We believe that a good definition of instance optimality depends on the context and for the problem of discrete distribution estimation, indeed the work of OS15 presents two compelling definitions. However, the definition based on permutations is inappropriate when the domain has a metric structure on it, e.g. the unit line. Here knowing the distribution up to a permutation can allow for a very large Wasserstein radius, and an algorithm that knows the support can be significantly better. Indeed in Fig. 1, we give an example of such a distribution, where our benchmark is a lot smaller than the permutation neighborhood benchmark. Additionally, for the definition based on natural algorithms, when the distribution is continuous, “counts” as used in the definition of natural algorithms are meaningless as all counts will be 0 or 1, and hence this corresponds to competing with a mixture of the empirical distribution and uniform distribution- a very strong restriction on the algorithms we compare to. Additionally, such a notion of instance optimality is unachievable under the constraint of differential privacy (even for discrete distributions). Thus the notion of instance optimality must be chosen carefully, based on the kind of domain knowledge we imagine an expert designing a custom algorithm for an application may have. In the case of Wasserstein estimation, we believe that a strong but realistic benchmark is an algorithm that knows roughly where the mass is concentrated, i.e. a multiplicative approximation to the pdf of the distribution. Our algorithm competes with the best such algorithm, on every distribution, even without knowing anything about the distribution a priori.

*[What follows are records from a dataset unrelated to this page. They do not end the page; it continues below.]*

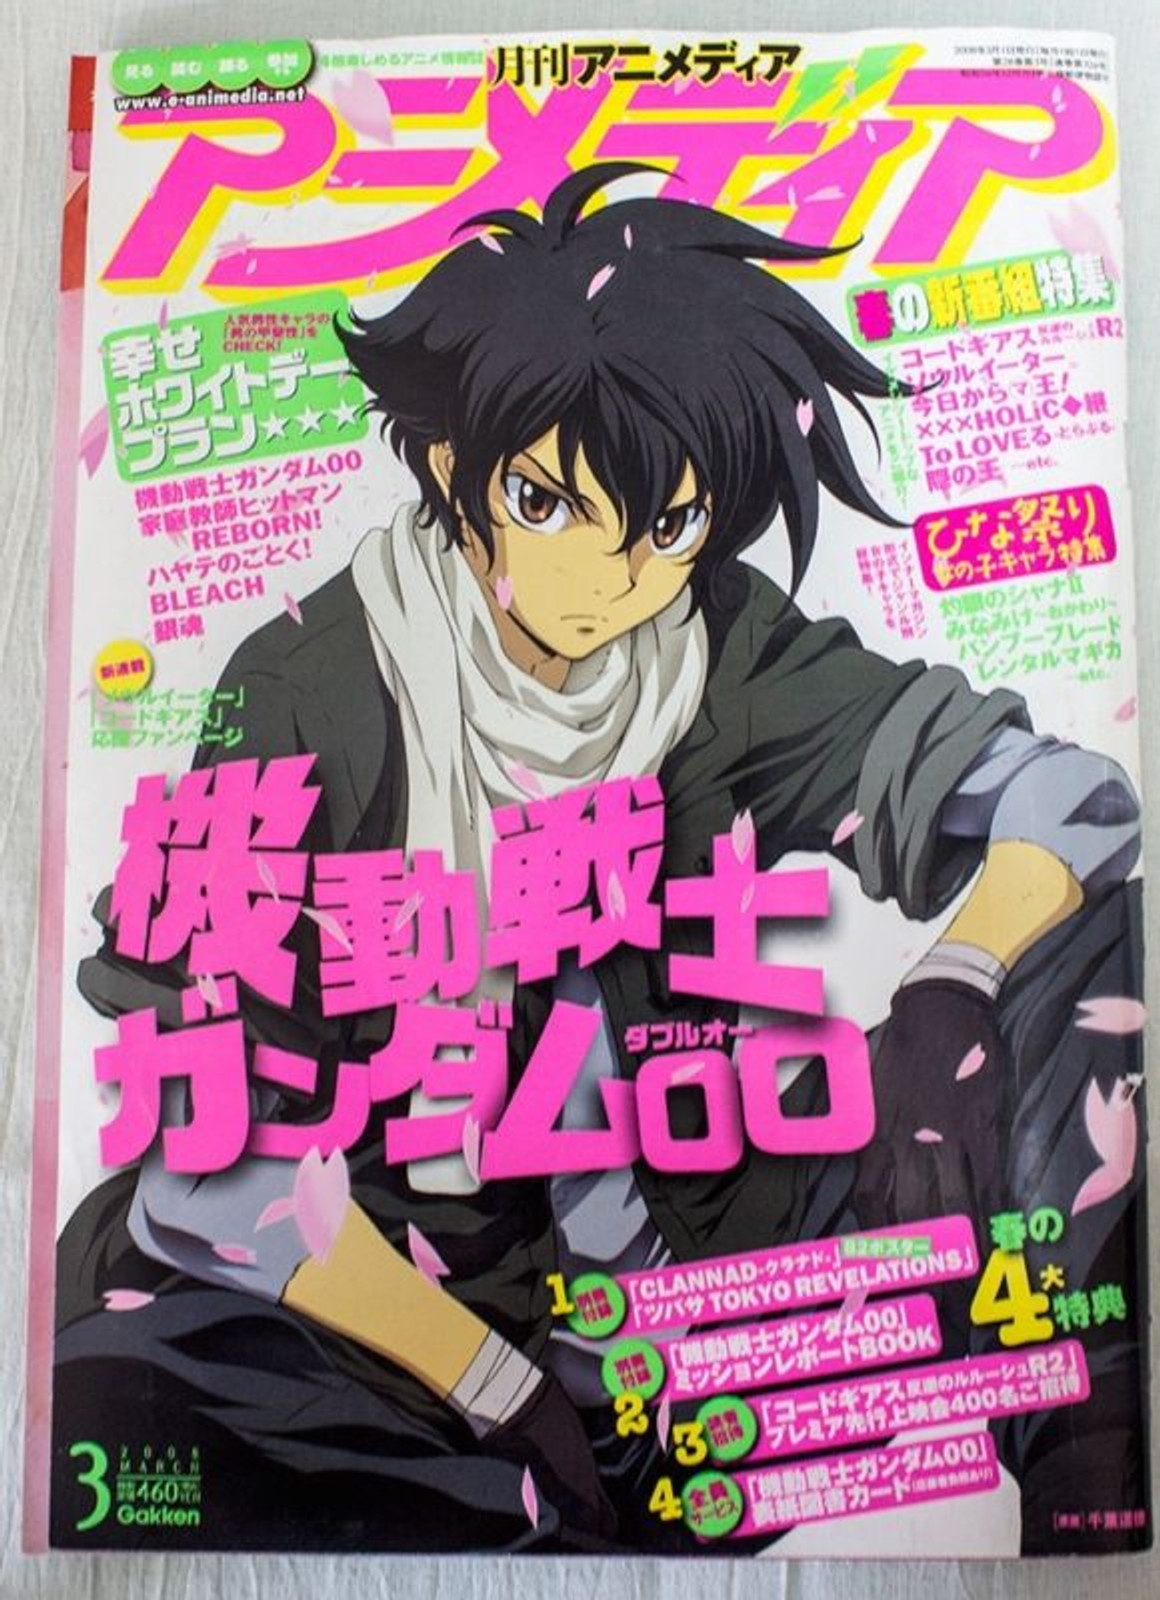 Animedia Japan Anime Magazine 03/2008 Gakken / GUNDAM 00/CODE GEASS/MINAMIKE/ARIA/BLEACH
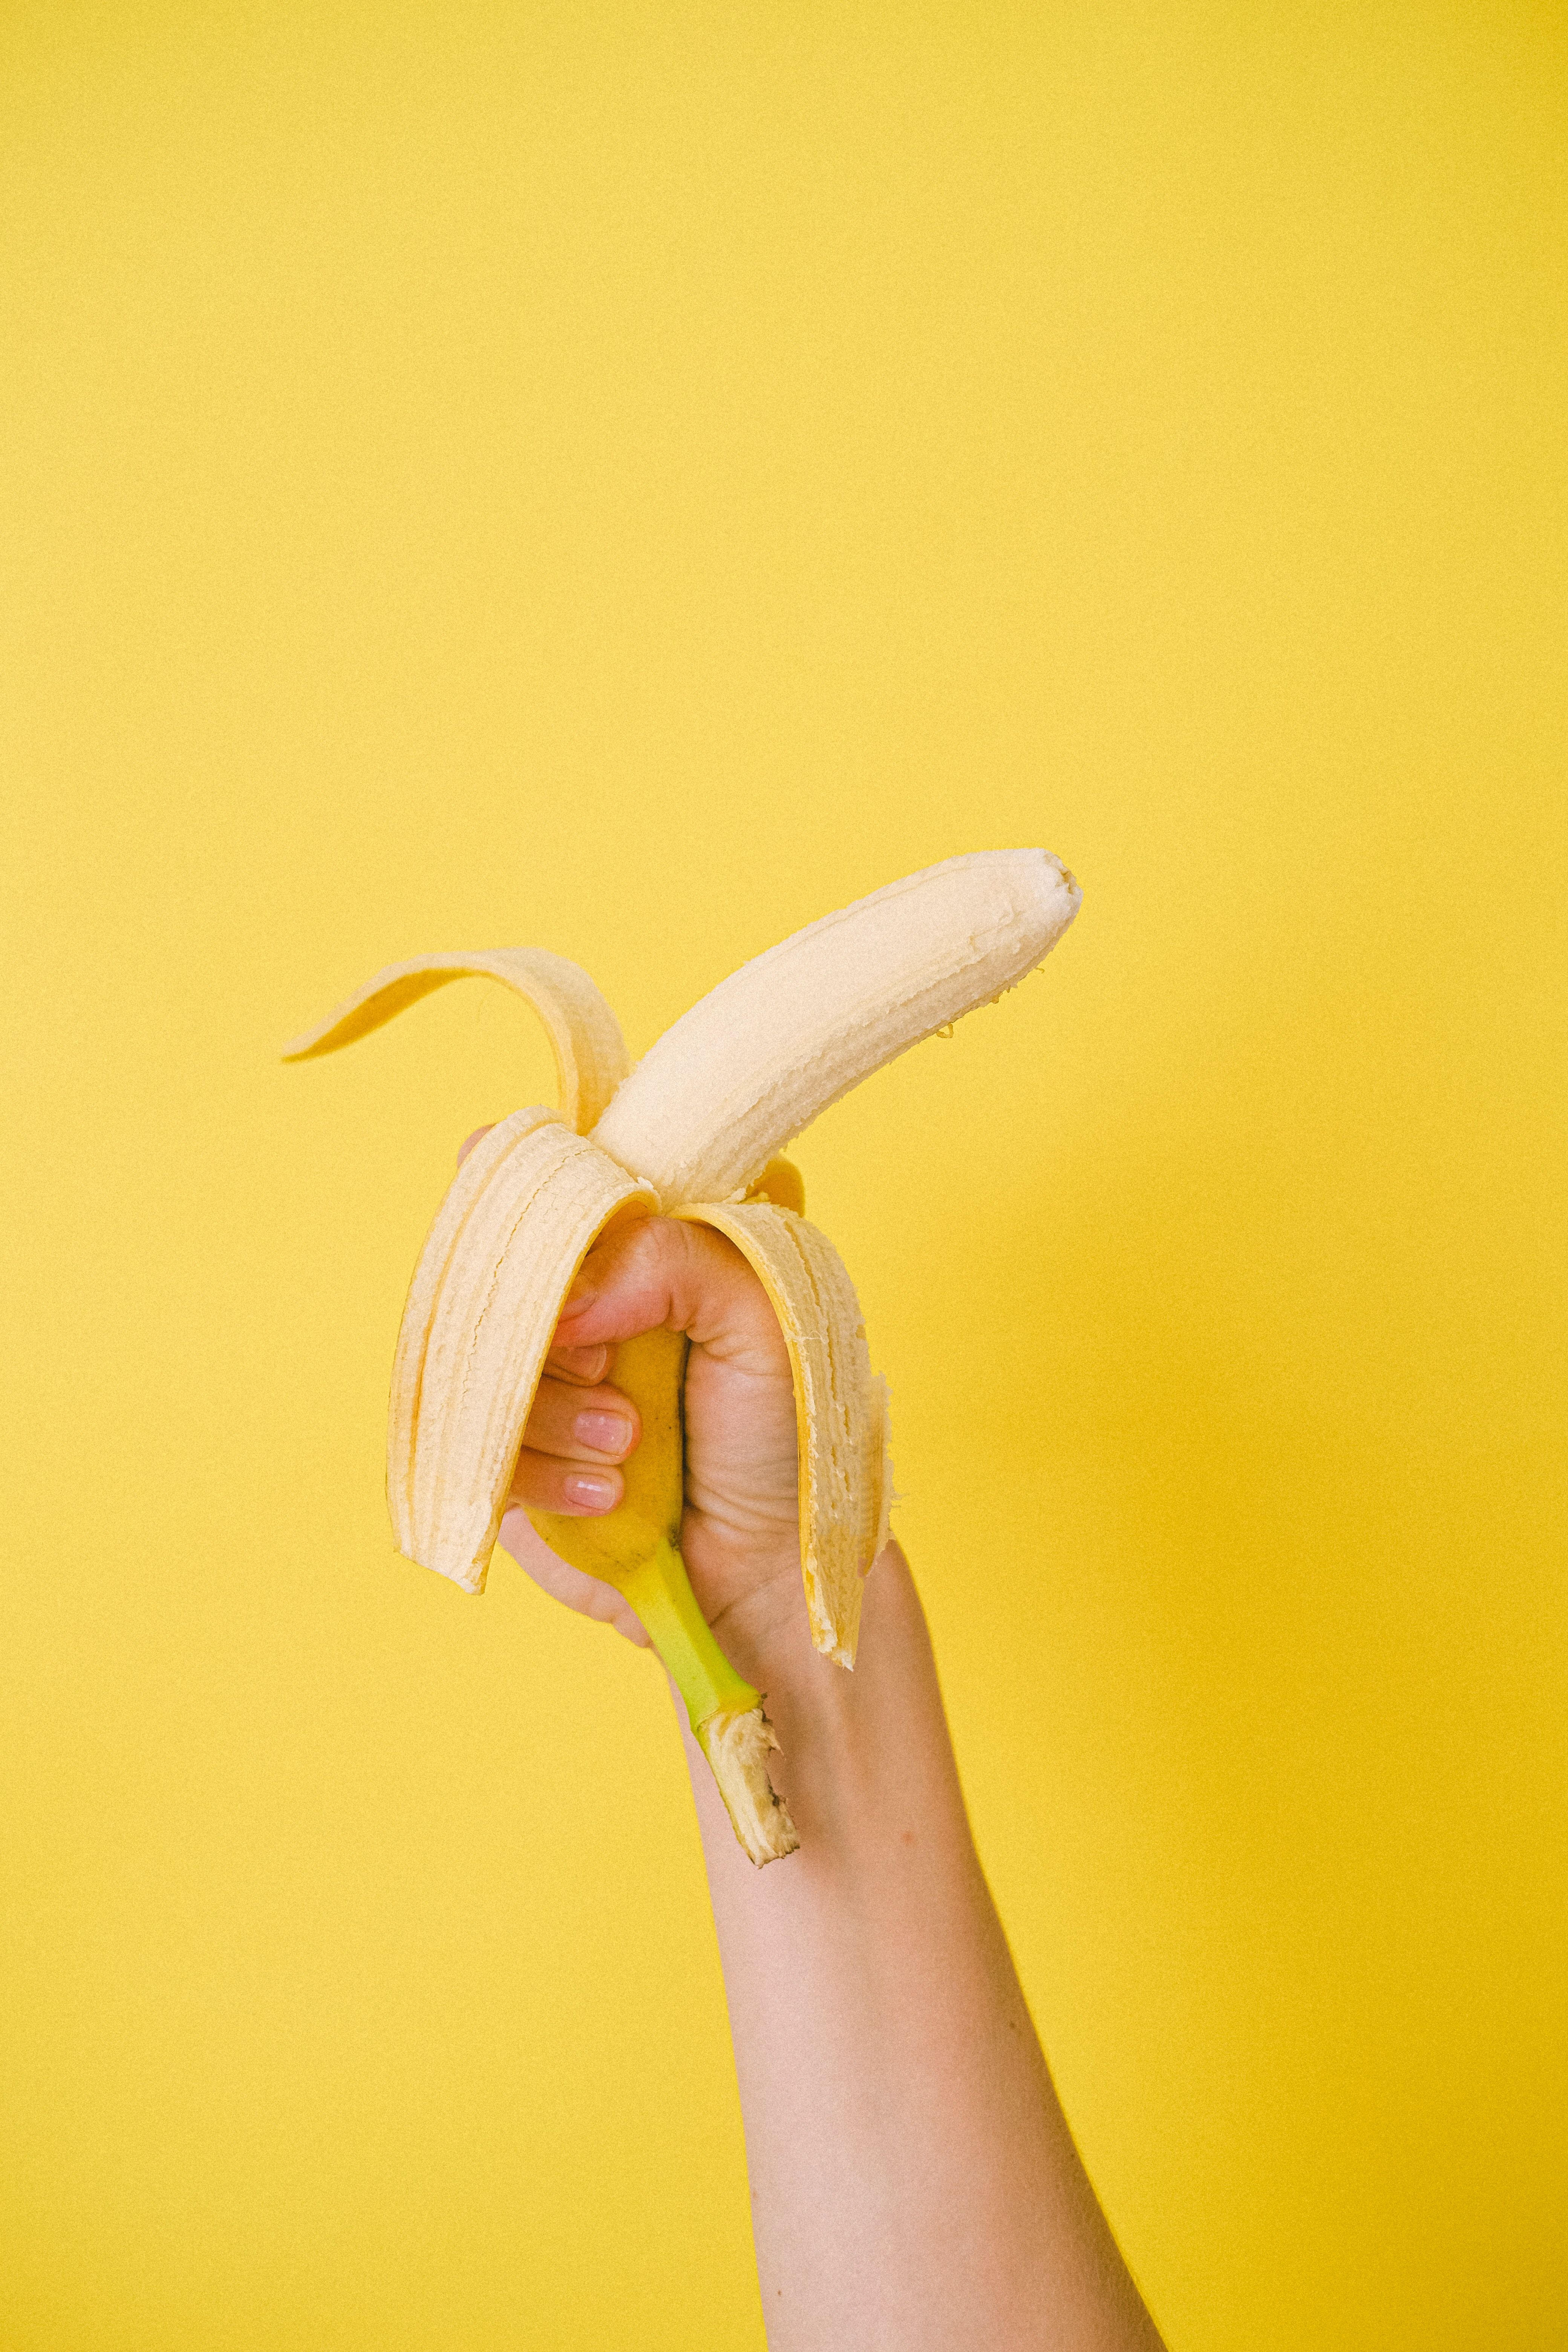 A hand holding up half of an unpeeled banana - Banana
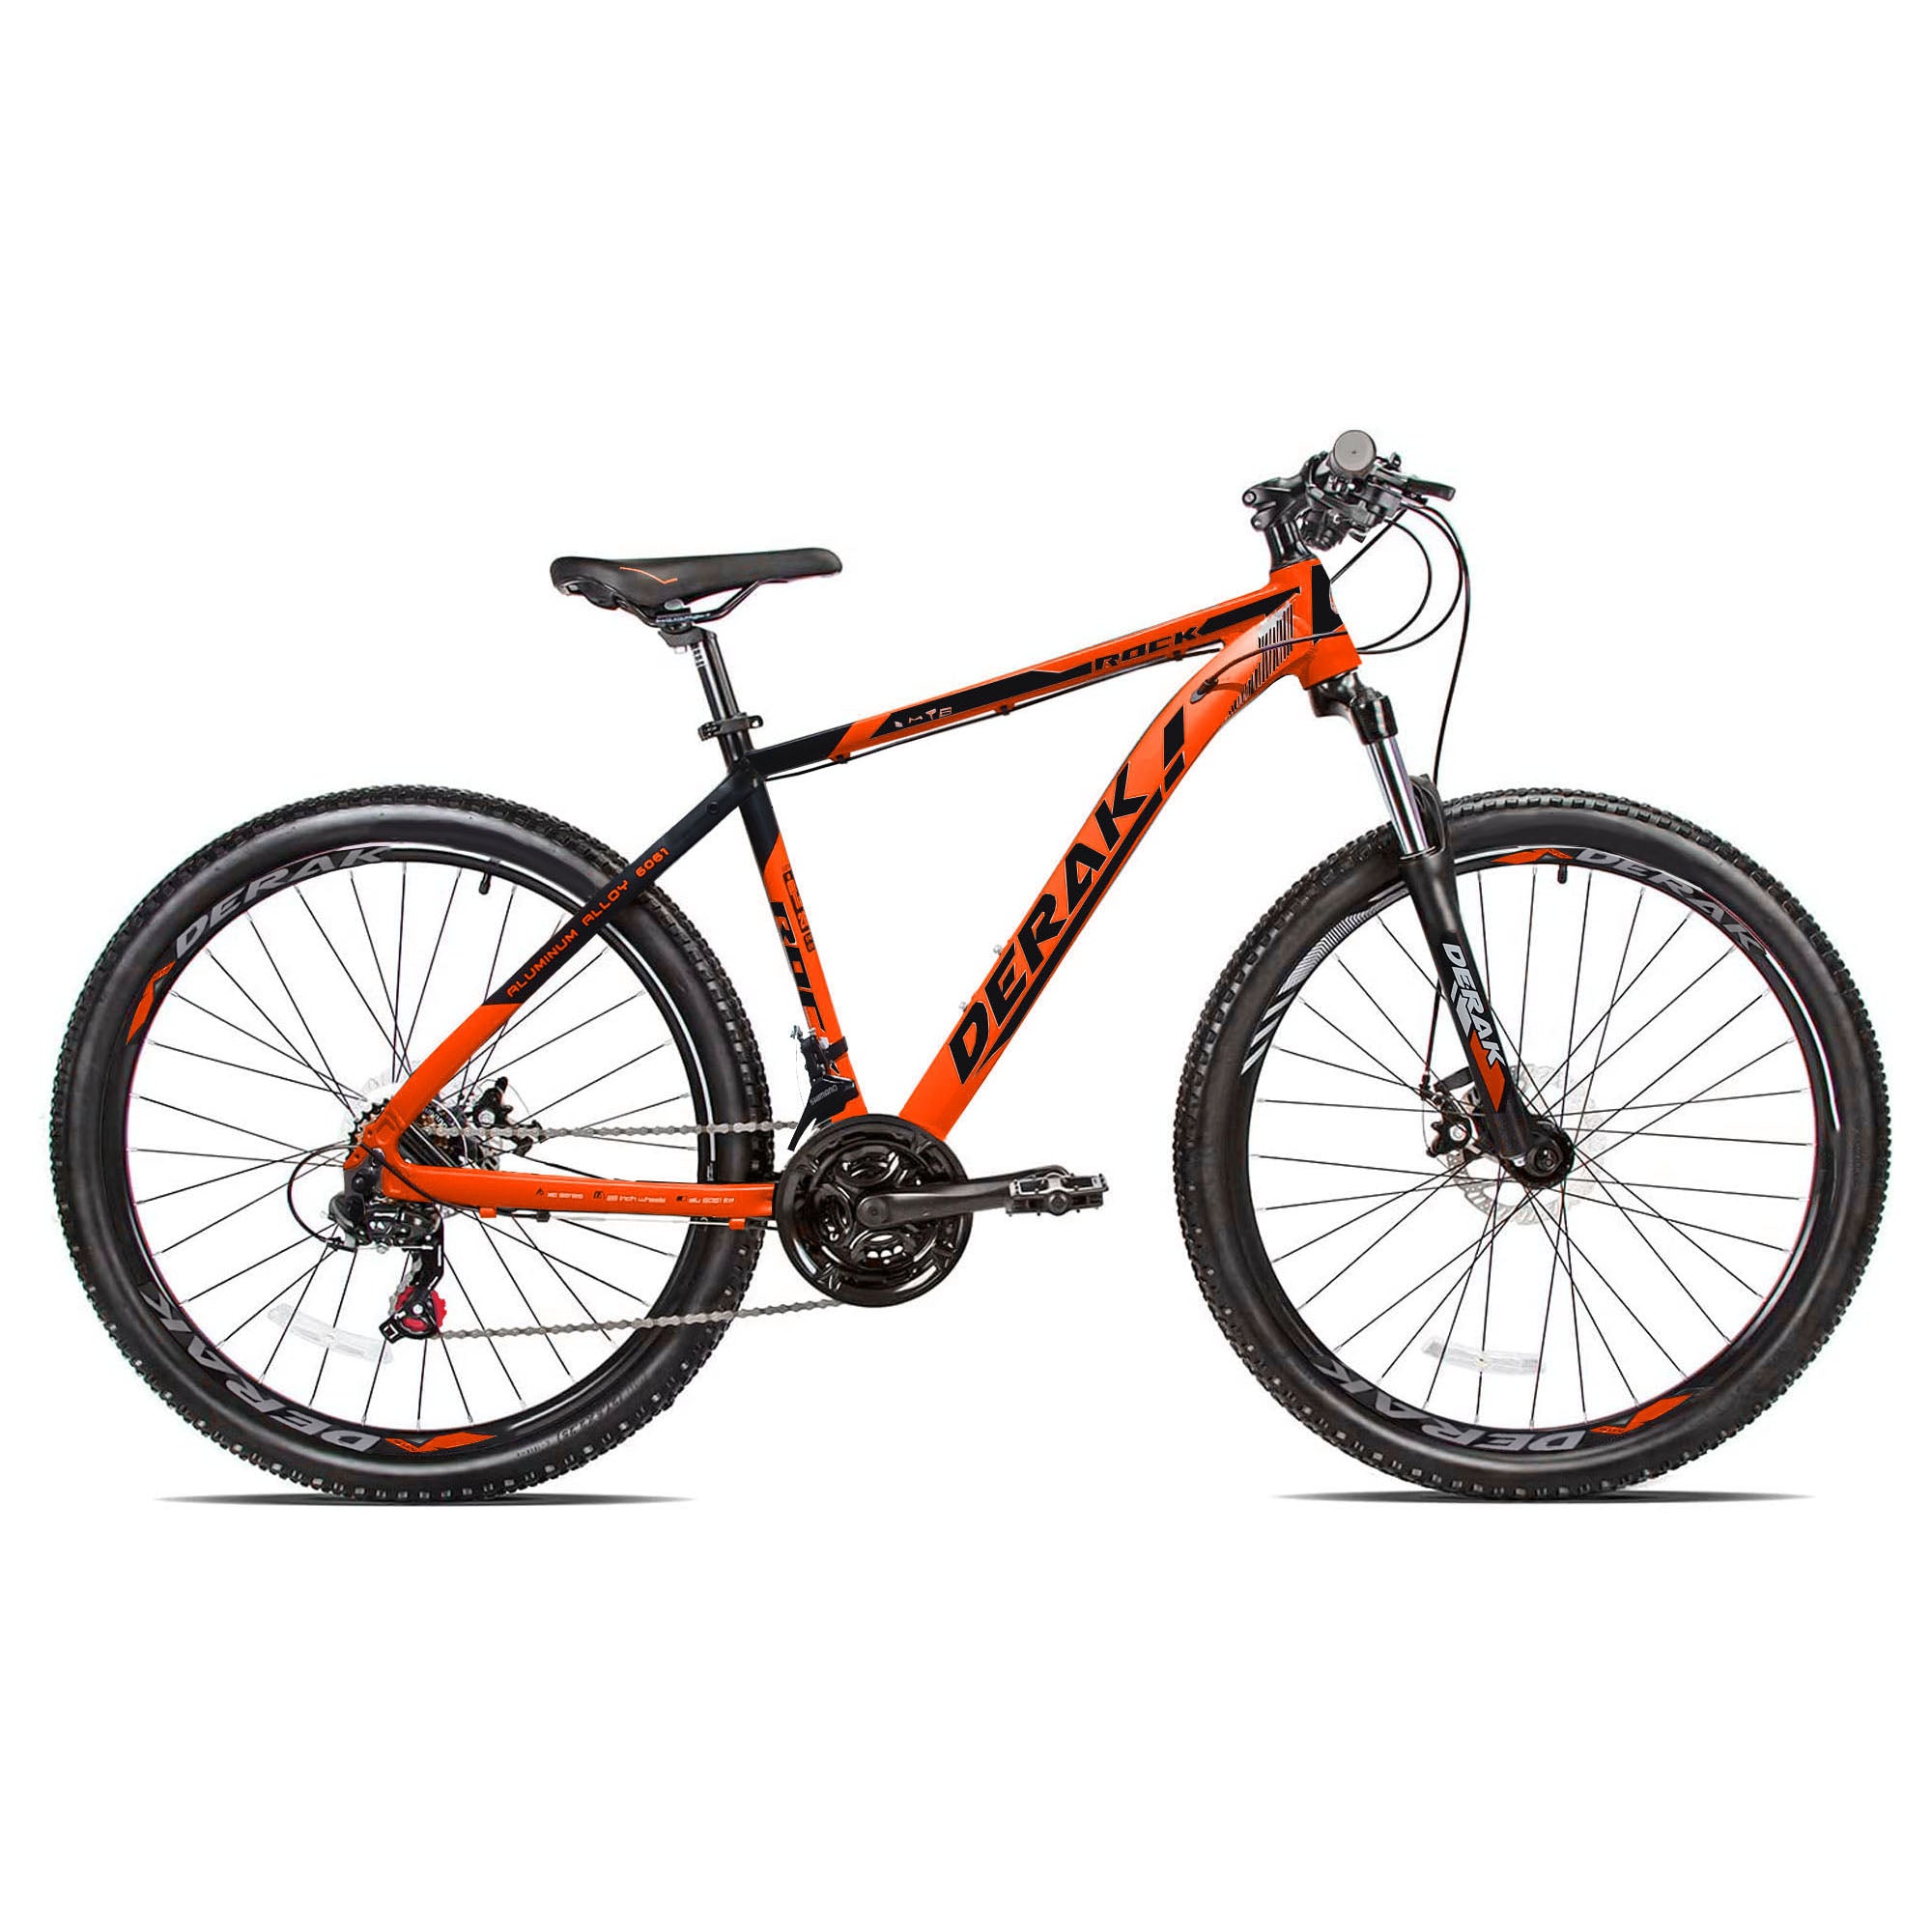 Rock Aluminum Bicycle Adults 26 Inch Orange (100% Assembled)

“The poly-log multiplicative factors in the upper bounds do not seem optimal. It would be better if the authors could provide some lower bounds to justify this dependence.”

It is possible that these logarithmic factors could be tightened, but we suspect this would require new techniques. In particular, in the 2-dimensional setting, a log factor arises from the metric distortion in the HST where the distortion factor is tight. Even with the polylog factors, our instance-specific differentially private upper bound is significantly lower than the worst case bounds studied in prior work (which become vacuous when the dimension is logn\log n or larger).

最终决定

This paper considers the problem of learning potentially arbitrary distributions with respect to the Wasserstein distance under differential privacy constraints. The authors define a natural notion of instance-optimality in this setting and develop a nearly-instance-optimal learning algorithm (within poly-logarithmic factors). While there was a divergence of scores, after reading the reviews and subsequent discussion, my understanding is that this work is technically and conceptually novel, and clearly meets the acceptance bar at NeurIPS.